WHAT NEEDS TO BE DONE ->
Filter the records, keeping every line that has the string "designs".

Records contained in a dataset ->

★ ★ ★ ★ ★ ★ ★

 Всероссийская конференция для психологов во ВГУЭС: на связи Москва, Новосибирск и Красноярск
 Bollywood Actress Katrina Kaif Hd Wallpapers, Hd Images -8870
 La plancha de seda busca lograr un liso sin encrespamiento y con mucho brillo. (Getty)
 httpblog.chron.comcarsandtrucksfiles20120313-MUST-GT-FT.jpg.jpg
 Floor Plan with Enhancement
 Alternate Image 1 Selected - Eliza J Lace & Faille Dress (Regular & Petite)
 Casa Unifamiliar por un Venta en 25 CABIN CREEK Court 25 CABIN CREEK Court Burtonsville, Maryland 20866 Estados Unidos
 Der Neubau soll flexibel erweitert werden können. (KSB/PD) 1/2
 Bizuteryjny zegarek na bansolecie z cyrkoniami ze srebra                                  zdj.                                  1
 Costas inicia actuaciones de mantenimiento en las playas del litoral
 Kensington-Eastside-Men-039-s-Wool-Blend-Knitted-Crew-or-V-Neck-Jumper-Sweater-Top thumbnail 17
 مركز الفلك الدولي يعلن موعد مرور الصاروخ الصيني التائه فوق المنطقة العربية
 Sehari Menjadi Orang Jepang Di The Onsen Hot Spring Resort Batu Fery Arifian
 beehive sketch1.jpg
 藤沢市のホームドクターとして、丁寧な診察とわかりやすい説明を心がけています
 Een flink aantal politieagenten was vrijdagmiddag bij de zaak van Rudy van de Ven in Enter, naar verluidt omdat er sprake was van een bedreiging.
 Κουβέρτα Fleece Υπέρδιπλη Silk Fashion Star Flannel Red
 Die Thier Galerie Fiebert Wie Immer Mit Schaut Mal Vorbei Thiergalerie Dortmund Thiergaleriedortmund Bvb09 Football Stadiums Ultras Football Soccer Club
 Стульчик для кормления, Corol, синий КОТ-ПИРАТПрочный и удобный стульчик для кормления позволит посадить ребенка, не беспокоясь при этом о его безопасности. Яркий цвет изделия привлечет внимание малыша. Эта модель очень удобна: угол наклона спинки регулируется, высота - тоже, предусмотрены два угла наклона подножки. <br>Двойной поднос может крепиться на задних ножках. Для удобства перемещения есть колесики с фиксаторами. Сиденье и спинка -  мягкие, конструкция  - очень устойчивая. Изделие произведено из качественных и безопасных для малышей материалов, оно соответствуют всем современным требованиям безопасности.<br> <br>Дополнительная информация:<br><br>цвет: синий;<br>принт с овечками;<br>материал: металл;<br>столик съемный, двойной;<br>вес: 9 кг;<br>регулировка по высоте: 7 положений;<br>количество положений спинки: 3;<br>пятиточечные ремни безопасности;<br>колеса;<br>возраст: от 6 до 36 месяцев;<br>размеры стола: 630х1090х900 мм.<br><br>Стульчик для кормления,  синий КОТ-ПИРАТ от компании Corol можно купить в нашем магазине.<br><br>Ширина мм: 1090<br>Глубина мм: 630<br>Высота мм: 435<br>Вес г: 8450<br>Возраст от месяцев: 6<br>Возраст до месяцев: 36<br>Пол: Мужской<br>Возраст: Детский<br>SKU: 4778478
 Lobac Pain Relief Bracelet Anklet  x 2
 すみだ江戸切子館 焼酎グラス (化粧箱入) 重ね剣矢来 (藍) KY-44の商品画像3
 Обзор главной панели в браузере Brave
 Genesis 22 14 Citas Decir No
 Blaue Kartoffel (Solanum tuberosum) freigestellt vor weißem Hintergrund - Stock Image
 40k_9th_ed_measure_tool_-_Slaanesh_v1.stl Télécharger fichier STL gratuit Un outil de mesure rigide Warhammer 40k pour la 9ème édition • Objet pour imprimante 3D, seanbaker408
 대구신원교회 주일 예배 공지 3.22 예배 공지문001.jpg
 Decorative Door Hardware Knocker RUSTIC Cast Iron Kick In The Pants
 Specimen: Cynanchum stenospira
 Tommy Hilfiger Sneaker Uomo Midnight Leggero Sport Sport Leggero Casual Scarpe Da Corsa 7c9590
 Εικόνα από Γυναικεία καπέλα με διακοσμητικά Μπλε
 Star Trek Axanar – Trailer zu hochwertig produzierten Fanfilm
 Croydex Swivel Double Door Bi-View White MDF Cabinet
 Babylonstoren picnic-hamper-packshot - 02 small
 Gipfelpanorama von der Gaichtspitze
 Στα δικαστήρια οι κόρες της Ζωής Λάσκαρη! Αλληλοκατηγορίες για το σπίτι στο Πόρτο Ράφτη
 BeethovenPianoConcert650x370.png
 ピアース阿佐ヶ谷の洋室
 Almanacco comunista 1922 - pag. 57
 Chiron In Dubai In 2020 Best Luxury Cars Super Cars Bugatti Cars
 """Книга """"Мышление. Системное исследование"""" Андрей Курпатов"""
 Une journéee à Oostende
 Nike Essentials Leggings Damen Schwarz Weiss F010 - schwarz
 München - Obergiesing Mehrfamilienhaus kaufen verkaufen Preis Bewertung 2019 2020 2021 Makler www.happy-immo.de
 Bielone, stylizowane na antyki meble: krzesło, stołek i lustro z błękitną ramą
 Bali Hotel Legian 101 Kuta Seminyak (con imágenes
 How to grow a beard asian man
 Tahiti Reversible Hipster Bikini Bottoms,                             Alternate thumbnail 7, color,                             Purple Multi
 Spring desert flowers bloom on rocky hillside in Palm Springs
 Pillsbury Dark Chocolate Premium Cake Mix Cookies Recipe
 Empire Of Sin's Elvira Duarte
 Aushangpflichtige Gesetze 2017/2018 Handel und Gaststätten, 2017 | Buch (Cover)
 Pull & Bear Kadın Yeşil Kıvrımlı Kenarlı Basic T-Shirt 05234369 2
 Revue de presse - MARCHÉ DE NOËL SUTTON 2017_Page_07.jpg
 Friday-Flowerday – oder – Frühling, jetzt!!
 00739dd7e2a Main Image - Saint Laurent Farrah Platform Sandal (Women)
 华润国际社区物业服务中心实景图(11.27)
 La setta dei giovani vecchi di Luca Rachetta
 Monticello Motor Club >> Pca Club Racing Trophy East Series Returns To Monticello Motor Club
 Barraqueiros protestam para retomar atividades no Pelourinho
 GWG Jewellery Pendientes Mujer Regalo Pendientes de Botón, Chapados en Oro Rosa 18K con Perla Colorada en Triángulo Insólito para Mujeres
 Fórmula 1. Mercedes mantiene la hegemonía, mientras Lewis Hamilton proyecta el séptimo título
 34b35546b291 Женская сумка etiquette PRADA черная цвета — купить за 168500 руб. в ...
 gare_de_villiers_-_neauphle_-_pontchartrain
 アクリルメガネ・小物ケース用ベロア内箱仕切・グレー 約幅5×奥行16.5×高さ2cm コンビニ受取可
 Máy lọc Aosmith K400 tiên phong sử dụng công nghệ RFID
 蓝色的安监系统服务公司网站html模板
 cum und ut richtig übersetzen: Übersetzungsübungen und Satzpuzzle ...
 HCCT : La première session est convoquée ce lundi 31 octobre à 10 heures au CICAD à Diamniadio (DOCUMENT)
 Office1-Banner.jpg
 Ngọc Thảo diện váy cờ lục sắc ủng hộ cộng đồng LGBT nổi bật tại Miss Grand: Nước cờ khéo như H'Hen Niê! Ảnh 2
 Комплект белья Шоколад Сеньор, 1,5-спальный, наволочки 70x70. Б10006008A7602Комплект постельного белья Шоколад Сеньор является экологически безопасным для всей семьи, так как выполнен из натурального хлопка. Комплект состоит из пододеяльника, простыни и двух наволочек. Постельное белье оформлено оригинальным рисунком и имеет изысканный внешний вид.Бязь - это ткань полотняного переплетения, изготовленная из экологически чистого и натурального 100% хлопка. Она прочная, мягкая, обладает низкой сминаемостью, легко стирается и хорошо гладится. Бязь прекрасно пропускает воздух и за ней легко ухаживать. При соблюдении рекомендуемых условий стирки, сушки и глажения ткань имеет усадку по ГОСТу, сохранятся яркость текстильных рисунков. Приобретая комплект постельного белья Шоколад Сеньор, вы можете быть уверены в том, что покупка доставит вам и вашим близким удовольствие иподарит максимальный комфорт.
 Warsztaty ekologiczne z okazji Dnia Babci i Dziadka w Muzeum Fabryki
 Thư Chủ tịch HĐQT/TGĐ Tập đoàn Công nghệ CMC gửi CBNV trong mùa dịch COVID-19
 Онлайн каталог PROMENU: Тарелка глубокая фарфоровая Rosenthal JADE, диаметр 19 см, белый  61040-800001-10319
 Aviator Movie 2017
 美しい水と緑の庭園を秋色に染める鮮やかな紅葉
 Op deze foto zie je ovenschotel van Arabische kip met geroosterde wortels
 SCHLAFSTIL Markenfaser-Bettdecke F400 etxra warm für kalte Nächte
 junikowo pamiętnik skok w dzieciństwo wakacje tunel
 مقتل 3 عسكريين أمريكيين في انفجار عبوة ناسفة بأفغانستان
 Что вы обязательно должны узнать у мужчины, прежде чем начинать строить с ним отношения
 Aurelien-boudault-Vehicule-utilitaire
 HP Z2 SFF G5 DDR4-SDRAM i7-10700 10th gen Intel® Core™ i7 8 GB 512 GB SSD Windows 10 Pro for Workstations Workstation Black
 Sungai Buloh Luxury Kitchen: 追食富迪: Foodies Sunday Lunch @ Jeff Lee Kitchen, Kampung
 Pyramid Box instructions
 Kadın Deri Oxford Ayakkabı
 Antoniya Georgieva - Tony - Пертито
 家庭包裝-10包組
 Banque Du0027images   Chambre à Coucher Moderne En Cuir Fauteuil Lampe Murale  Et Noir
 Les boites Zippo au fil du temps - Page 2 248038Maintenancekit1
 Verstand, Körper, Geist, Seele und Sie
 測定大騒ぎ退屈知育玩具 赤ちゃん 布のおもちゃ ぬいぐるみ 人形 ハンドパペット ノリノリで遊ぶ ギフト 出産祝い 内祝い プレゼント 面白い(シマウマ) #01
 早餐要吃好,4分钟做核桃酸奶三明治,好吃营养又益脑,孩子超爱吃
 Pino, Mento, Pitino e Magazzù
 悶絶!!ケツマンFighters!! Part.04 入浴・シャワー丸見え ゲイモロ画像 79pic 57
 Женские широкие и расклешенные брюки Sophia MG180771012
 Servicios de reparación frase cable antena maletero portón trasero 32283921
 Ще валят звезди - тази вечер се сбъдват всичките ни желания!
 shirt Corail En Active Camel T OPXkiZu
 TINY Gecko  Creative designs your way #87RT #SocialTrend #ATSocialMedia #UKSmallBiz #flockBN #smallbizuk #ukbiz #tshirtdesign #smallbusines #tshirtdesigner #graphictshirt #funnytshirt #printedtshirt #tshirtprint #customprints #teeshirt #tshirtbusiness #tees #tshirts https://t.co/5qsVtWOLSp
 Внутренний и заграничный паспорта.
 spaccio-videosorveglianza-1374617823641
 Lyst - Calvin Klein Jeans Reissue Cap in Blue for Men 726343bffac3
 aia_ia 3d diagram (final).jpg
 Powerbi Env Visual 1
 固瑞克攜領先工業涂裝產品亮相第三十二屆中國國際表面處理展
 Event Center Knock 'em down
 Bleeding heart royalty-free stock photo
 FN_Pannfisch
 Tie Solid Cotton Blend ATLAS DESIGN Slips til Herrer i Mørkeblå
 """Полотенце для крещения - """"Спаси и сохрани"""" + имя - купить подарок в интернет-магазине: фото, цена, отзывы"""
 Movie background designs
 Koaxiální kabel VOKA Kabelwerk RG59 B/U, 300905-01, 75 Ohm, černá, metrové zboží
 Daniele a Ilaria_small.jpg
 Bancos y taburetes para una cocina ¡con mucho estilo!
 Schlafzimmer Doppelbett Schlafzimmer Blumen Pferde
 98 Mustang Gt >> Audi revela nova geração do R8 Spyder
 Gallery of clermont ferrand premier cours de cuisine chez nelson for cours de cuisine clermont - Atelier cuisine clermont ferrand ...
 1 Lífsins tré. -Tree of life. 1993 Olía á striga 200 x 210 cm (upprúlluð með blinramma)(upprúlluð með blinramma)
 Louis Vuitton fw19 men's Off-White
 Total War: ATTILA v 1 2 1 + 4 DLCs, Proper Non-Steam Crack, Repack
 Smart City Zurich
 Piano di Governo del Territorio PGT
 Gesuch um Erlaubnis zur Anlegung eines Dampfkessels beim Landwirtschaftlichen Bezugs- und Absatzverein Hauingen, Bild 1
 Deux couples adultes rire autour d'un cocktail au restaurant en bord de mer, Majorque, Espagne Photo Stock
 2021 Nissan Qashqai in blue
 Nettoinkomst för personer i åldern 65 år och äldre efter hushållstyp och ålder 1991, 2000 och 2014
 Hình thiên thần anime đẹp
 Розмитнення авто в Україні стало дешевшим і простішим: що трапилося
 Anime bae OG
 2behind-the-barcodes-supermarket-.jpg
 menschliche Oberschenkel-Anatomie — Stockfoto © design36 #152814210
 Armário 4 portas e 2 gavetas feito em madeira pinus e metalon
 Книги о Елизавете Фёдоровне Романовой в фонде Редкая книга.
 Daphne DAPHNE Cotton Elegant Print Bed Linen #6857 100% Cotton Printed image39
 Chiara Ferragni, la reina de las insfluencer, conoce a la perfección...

★ ★ ★ ★ ★ ★ ★

SOLUTION TO THIS TASK ->
 TINY Gecko  Creative designs your way #87RT #SocialTrend #ATSocialMedia #UKSmallBiz #flockBN #smallbizuk #ukbiz #tshirtdesign #smallbusines #tshirtdesigner #graphictshirt #funnytshirt #printedtshirt #tshirtprint #customprints #teeshirt #tshirtbusiness #tees #tshirts https://t.co/5qsVtWOLSp
 Movie background designs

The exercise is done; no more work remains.